Kessler is not alone in this sentiment. The “attention economy” has been adopted by many in the sports leadership class in 2025 as a recognition of the times. We’re living in an age of mass distraction, when multi-billion dollar social media companies are funded on the premise of endless scrolls and engaged time. The shift can best be understood in economic terms: Now, for the first time, people are not the customer but the product; the more attention gained, the bigger the profits.
For sports leagues competing within the “attention economy,” the downstream shifts have been just as tectonic. For the sports leaders of the modern era, the ultimate currency is not trophies or victories, but seconds of earned attention, and the competitors are not “other leagues”, but Internet giants such as TikTok and Instagram. The old way of doing business is still pretty valid – in its lowest form, sports TV deals and sponsorships are selling a captive audience – but the wave of new media options has also created a whole new way of doing business.
What golf can learn from Roger Goodell’s surprising acceptance into the NFL
James Colgan
This presents an unusual opportunity for sports organizations like the LPGA, which are not only associated with our traditional understanding of attention as “hours on network television”. For Kessler’s LPGA, watch out can means an expanded television rights partnership with a major partner (Kessler’s biggest win as commissioner to date is a great partnership with FM to offer expanded LPGA television hours in 2026).

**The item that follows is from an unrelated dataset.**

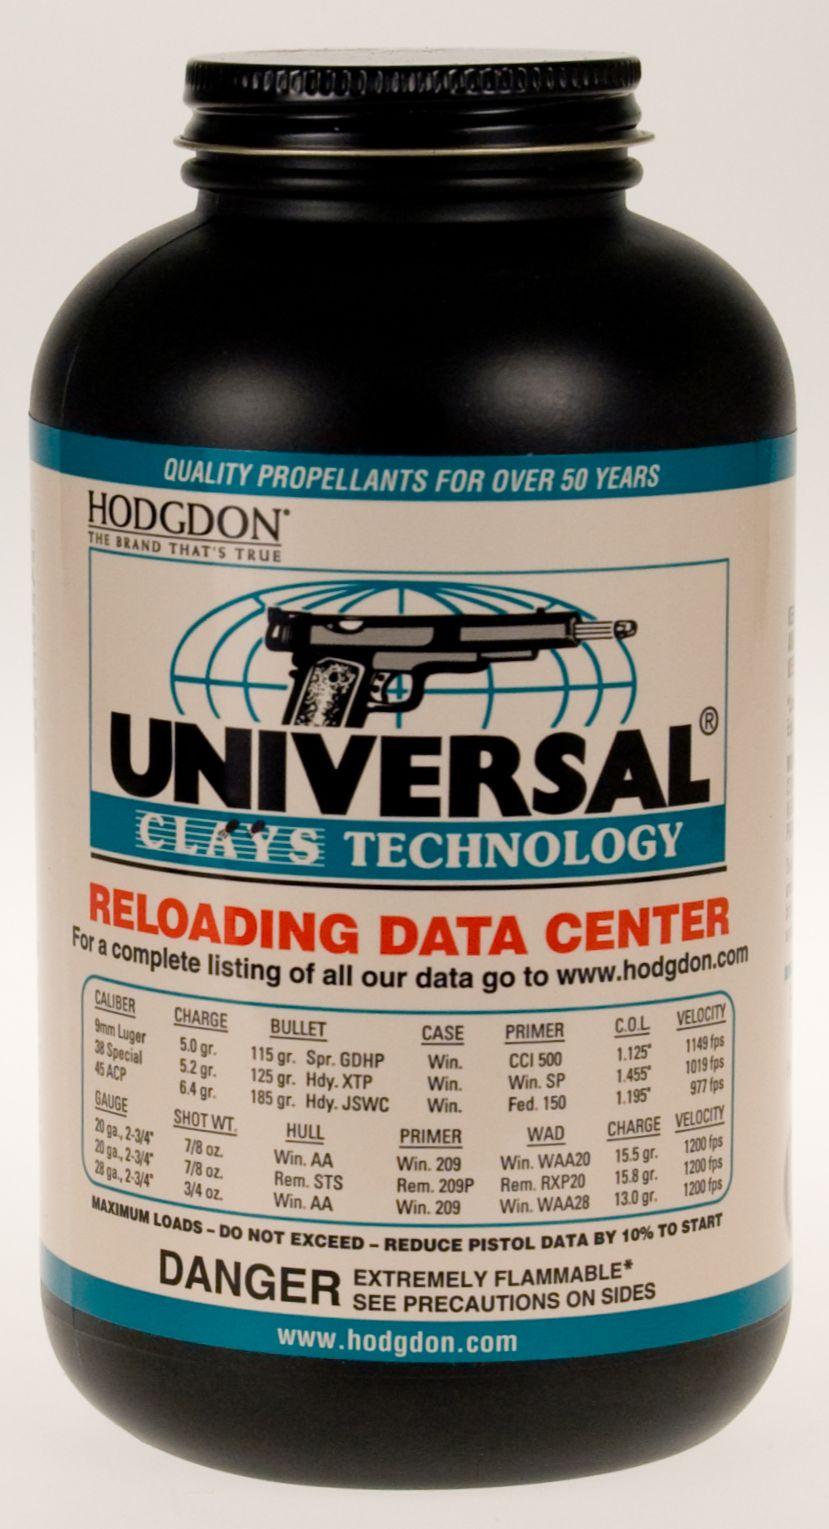 Hodgdon Universal Clays ruuti (454g)

But it could also mean growth in a social media world whose algorithms are primed to promote individuals who live interesting lives, visit beautiful places and interact with famous people — three things prevalent almost every week on the LPGA.
“I think the most critical topic is giving fans a chance to understand our athletes, both inside the ropes and outside the ropes,” Kessler said. “Fans want not only to watch their favorite athletes compete, but also to understand who they are as people. What do they do in their free time? What do they eat? What do they watch? Who do they hang out with? What do they wear? And some of the biggest sports stars have found a way to trim and show their competitive side and also their real-life personalities.”
If you’re sensing a theme in Kessler’s thinking, you’re right. The ideas he hopes to implement on the LPGA aren’t exactly beamed from a StarLink satellite via ChatGPT; they are adapted from the old school sports marketing playbook for modern times. And in a world where an audience can be built and cultivated without the help of a major television network, Kessler’s ideas reflect a flexibility to win at any cost.
Will these ideas make a significant difference in the business of women’s professional golf? It’s too early to tell. The original rules governing sports popularity haven’t changed — big stars compete on big stages in events that matter — and the LPGA still has its work cut out for those goals.
But these are unusual times in professional sports. Large audiences have never been cheaper, easier or more accessible to reach in human history. Soon, AI-generated content could lower the barrier even further—and yes, Kessler has ideas for that, too.
“I think AI will feed the desire more than ever before for human connection,” he said. “Events like the Tournament of Champions feed perfectly into our innate desire that has evolved over millions of years for human connection.”
There is little debate that the LPGA requires a clear vision and good judgment.
The 40-year-old leader in women’s golf certainly has the former. What about the latter?
Well, maybe poor Richard can testify.